Show each line of the data below in which "para" occurs.

**********

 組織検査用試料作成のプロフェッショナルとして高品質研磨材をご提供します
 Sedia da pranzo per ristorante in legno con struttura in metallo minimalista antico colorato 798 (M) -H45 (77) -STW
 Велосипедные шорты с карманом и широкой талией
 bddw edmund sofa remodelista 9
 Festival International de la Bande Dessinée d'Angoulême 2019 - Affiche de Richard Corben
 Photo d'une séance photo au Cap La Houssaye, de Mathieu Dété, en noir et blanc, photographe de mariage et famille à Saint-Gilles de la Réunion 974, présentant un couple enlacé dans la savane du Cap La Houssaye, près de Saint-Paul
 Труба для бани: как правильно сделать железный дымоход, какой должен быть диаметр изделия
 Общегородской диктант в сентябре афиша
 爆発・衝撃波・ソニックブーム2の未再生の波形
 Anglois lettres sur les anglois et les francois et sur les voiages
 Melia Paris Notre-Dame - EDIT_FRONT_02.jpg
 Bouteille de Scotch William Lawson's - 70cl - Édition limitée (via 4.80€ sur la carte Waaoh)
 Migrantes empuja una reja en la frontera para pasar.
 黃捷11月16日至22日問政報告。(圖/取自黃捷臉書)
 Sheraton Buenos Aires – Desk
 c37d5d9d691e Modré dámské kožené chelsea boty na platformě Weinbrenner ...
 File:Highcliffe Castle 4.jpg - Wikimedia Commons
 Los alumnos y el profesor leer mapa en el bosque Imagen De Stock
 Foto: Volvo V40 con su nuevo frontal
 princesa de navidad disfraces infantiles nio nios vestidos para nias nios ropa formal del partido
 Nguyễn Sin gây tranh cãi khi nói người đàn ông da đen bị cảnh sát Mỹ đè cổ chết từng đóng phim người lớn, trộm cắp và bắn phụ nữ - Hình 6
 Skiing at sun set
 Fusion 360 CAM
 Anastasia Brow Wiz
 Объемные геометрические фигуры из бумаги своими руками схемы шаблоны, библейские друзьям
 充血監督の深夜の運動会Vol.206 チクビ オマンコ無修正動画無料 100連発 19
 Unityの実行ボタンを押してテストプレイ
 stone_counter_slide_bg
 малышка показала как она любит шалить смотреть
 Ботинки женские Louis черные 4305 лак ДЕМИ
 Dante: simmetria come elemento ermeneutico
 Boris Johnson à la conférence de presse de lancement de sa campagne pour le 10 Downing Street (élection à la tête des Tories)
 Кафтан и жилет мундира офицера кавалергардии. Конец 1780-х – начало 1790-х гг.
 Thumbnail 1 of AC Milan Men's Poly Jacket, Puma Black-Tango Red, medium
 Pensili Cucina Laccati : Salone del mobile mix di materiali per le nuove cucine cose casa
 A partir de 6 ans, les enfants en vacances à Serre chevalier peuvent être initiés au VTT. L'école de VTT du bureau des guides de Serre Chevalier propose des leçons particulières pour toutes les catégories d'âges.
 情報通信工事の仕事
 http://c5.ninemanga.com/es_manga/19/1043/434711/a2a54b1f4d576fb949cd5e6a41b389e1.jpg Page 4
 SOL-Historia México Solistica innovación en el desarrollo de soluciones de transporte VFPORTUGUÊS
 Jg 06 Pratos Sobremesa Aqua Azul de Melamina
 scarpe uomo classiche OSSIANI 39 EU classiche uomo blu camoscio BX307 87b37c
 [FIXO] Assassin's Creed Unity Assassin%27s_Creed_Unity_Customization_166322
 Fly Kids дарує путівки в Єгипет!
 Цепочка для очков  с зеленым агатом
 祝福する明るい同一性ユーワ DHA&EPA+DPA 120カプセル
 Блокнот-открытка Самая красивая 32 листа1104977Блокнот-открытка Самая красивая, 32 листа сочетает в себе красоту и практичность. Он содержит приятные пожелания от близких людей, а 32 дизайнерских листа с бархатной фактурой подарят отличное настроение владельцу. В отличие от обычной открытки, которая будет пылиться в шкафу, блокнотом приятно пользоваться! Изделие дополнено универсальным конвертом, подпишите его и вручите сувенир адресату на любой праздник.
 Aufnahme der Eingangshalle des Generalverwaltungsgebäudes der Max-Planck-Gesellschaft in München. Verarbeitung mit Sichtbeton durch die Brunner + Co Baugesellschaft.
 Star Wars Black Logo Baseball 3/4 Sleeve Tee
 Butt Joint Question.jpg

**********

Answer area -
 Migrantes empuja una reja en la frontera para pasar.
 princesa de navidad disfraces infantiles nio nios vestidos para nias nios ropa formal del partido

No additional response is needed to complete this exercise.